Dreyblatt began his research into the cognitive phenomenon of the “Resting State” during a residency at the Center for Arts, Science and Technology at MIT in 2014-15. Cognitive scientists are exploring those forms of information processing that occur when the brain is not involved in the accomplishment of specific tasks and when there is little or no outside stimuli. Subjects are exposed to a low-stimulus environment in which light and sound signals are employed, interrupting introspection at random intervals with verbal and visual cues.
In “The Resting State”, Dreyblatt focuses on the methods with which researchers attempt to document and test this essential aspect of consciousness while at the same time turning the recipient into a test subject.
In “The Resting State”, archival film excerpts depicting neurological and psychological testing from the 1930s to the 1960s, experiential reports by test subjects and queries by researchers quoted in the image and sound track question the central role that visualization and language play in our understanding of internal mental states.
Two Channel Video Installation, SD Video, B & W and Color, 4:3 Format, Stereo Sound, 21:53 and 22:54, Loops
Exhibited and concieved for the exhibition:
“Artistic interventions in the new exhibition: "In the wake of the SS: images, voices and clichés: SS-Guards of the Women's Concentration Camp Ravensbrück”, 2020
Video 1: 21 :53 min, 2020; German with English subtitles
Video 2: 22:54 min, 2020; German with English subtitles
Speakers: Yvette Goetze-Hannemann, Sabine Kotzur
Recording: Zeitzeugen TV, Berlin; James Wehse, camera and editing; technical advice: Martin Wolff; Text translation: David Haney ; Transcription: Anne Steinhagen
Supported by German Federal Cultural Foundation
Arnold Dreyblatt has developed a two-part film installation: Two female speakers, who address the audience directly, give advice on how mothers should raise their children and how women should behave in National Socialist society.
At the center of this artistic exploration is authoritarian education under National Socialism. The quotations used in the first work are taken from contemporary books and magazines of the 1930s, such as the NS Women's Watch and several other guidebooks that were supported by Nazi propaganda and that pointed the way ahead for the educational methods of the Nazi national community.
The question of the after-effects of such methods after 1945 forms the core of the second work - using the example of Johanna Haarer's guidebook on infant care: “The German mother and her first child”. Published in 1934, the book became the basis for the "mother training courses" of the Nazi leadership.
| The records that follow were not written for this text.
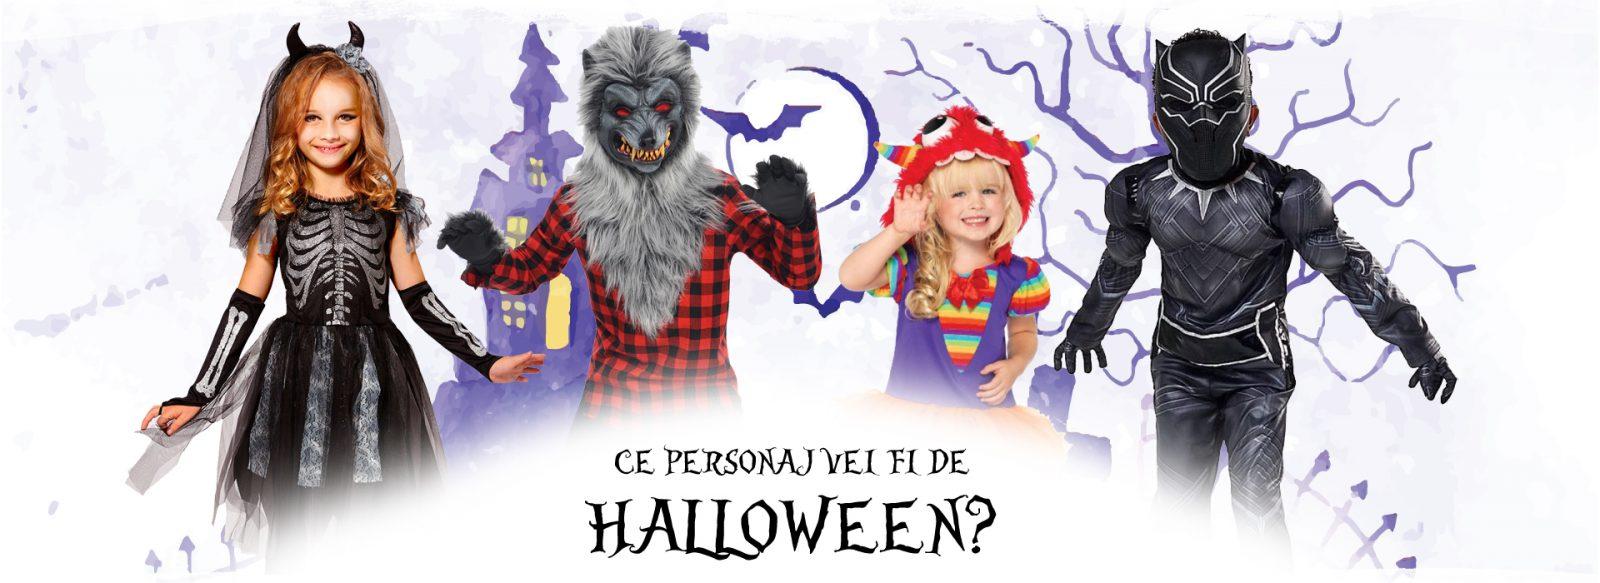 CarnavalFiesta Costume si Accesorii
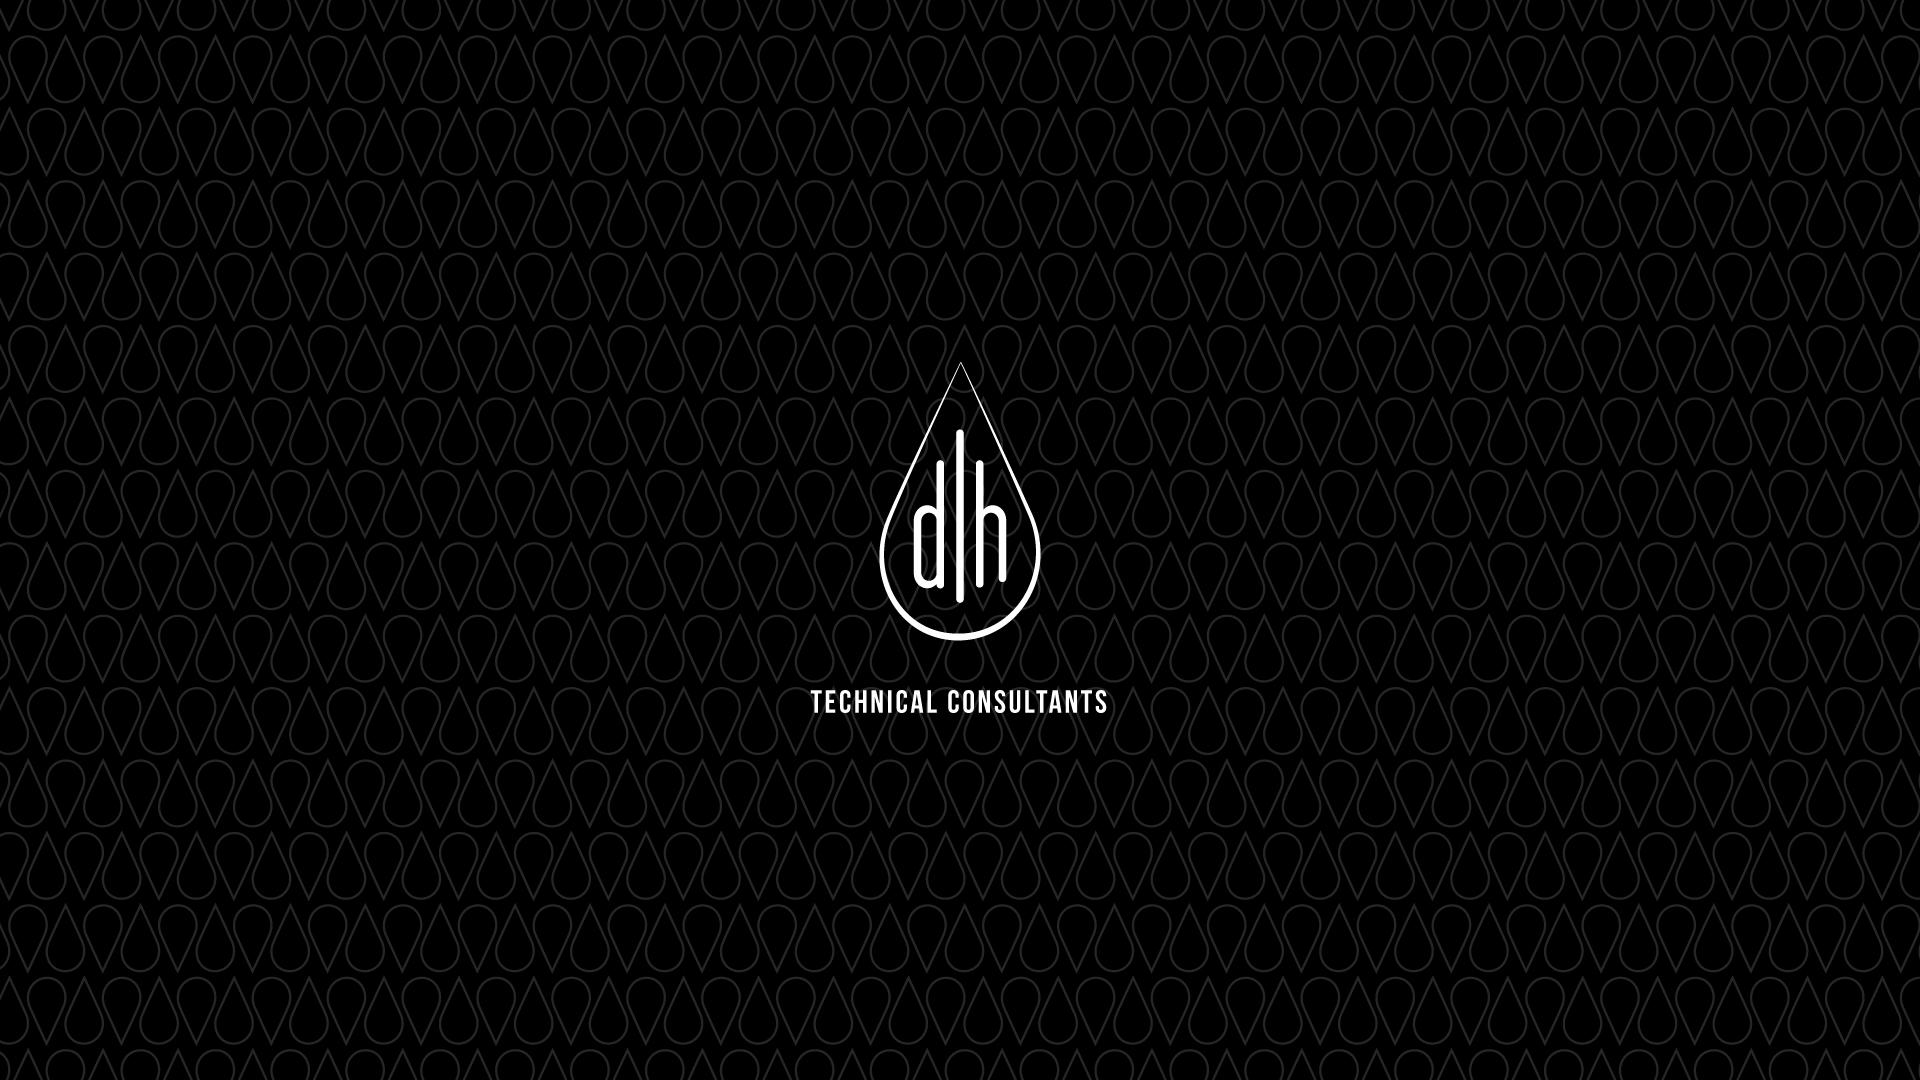 DHL - Branding   The Underground Design Studio
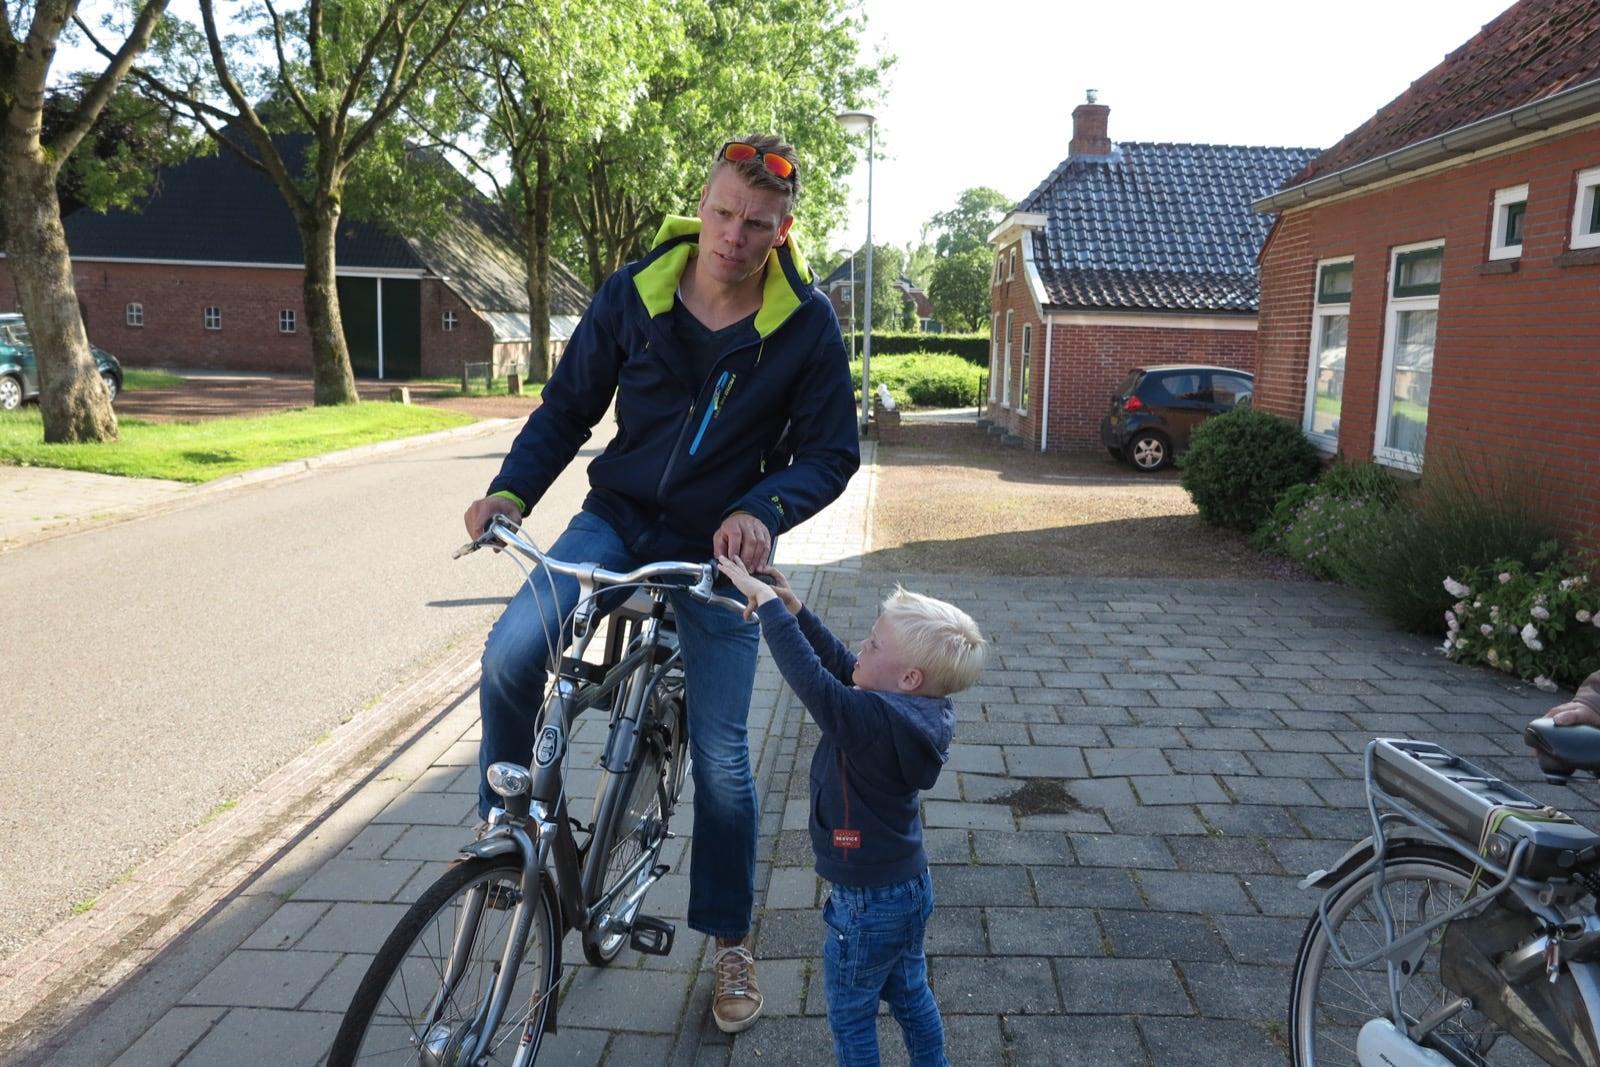 et-fiets-en-fietser-52-thesinger-fietstocht---alfred-en-guus-oi.jpg

Until the 1970s, Haarer's book, in a version cleansed of National Socialist propaganda, was found in almost every household in the Federal Republic.
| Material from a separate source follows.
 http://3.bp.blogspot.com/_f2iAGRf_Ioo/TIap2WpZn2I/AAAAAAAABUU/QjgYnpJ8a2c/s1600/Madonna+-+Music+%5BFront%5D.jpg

Video Projection 16:9 Size Variable; Silent; 28:36; Loop
Created for the exhibition “Lapse” as part of the Lux series at Museolaboratorio Ex Manifattura Tabacchi, Citta’ Sant’Angelo (PE) Italy, September 1 to September 30, 2018.
For the exhibition, Dreyblatt created a new video work “Screen Memory” (2017) to correspond with six of his early analog video which were also shown.
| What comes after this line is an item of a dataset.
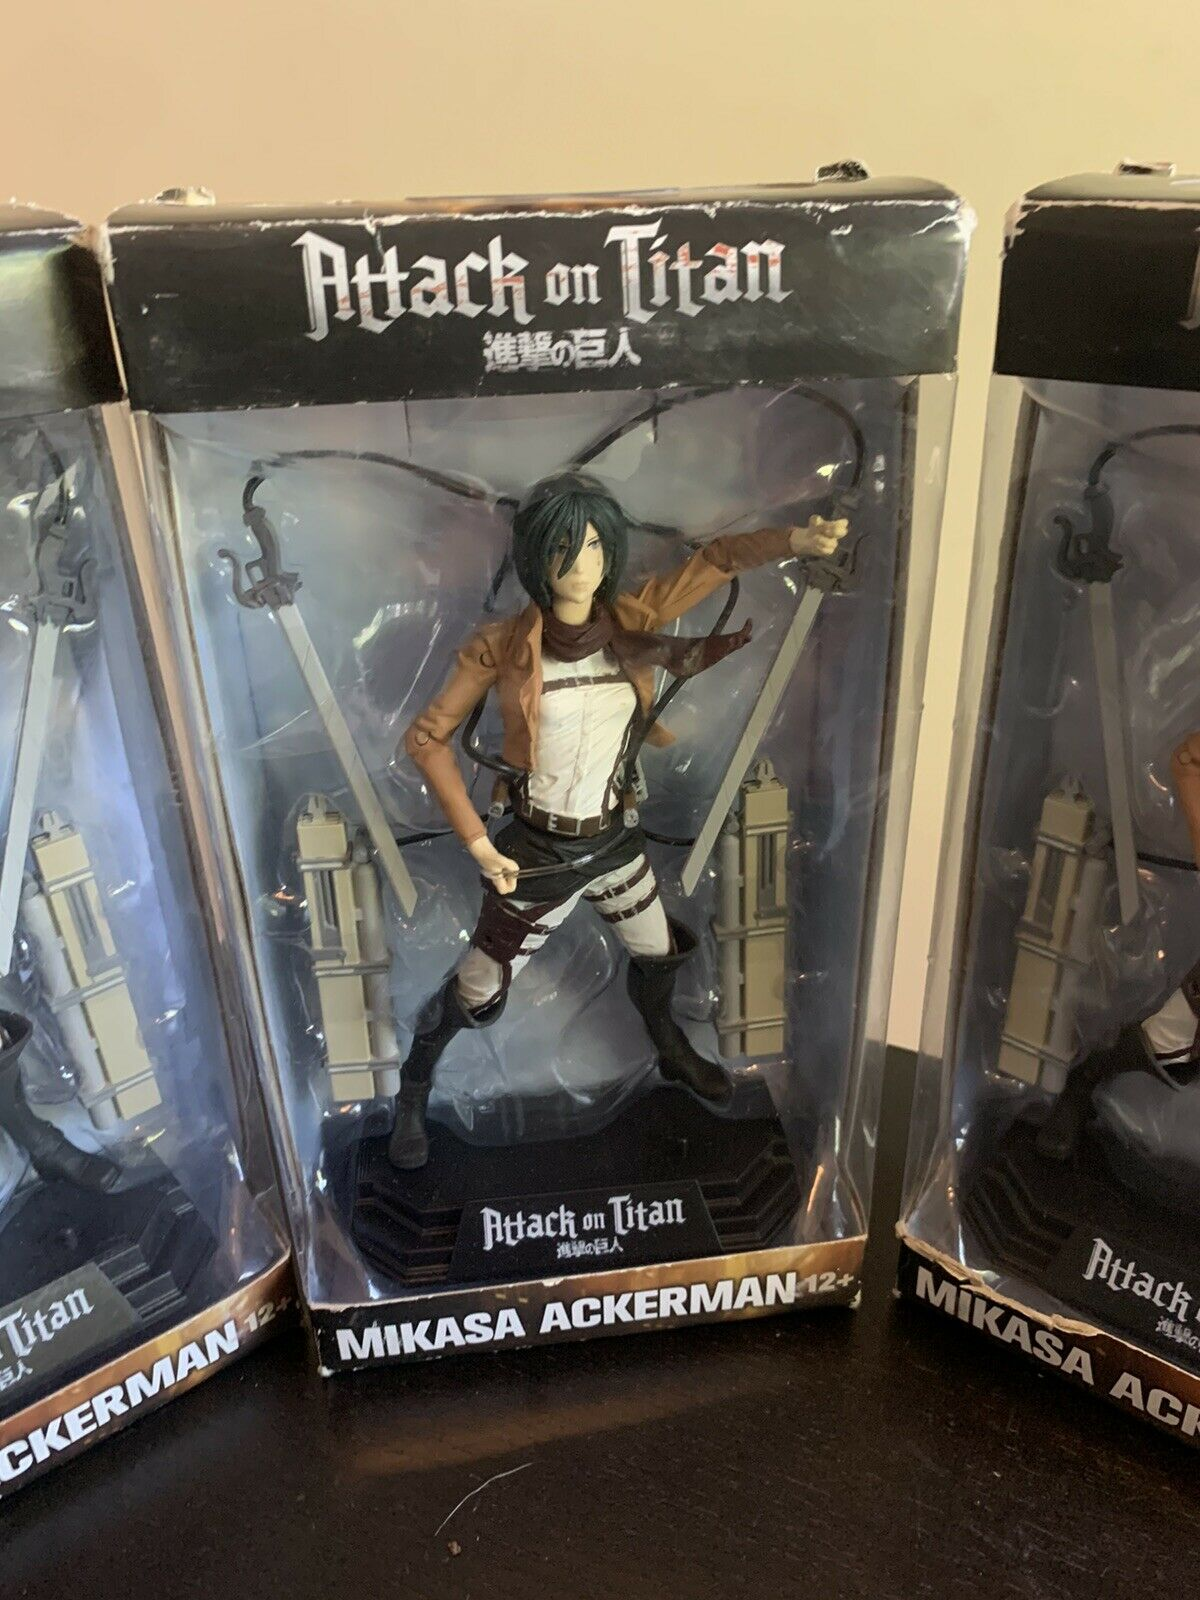 Mikasa Ackerman Boîtier Endommagé Mcfarlane Toys couleur Tops #18 Attack on Titan

Gentle wind subtly creates Moiré patterns in a screen window.
Multi Monitor DVD display; 2003
One perceives an endless text dynamically fluttering on miniature black monitor. The downward flow of text from top to bottom of the screen is interrupted continually by a lateral left-right movement, resulting in an instability, and a degree of illegibility. The text is derived from textual fragments which have been collected from the card catalog of the Jewish Museum Archive in Berlin. The archive contains objects which have been donated to the Collection before the current location. The texts describe the condition of the donated objects and documents.
The work has been displayed in two forms on two occasions:
Galerie Anselm Dreher, 2003: Three miniature TFT displays hung on a wall in a dark room.
Jewish Museum Frankfurt, 2005: The work was situated in the section of the Museum in the Judengasse in Frankfurt, where an archaeological site may be entered. The monitor is positioned inside a deep brick well, and is only viewable from a specific standpoint near the entrance.
Black Plexiglass, Rear Projection, DVD, 10 min., loop, 1999
Source materials: Haus der Wannsee-Konferenz, Berlin. Image generated on a motorized microfilm machine.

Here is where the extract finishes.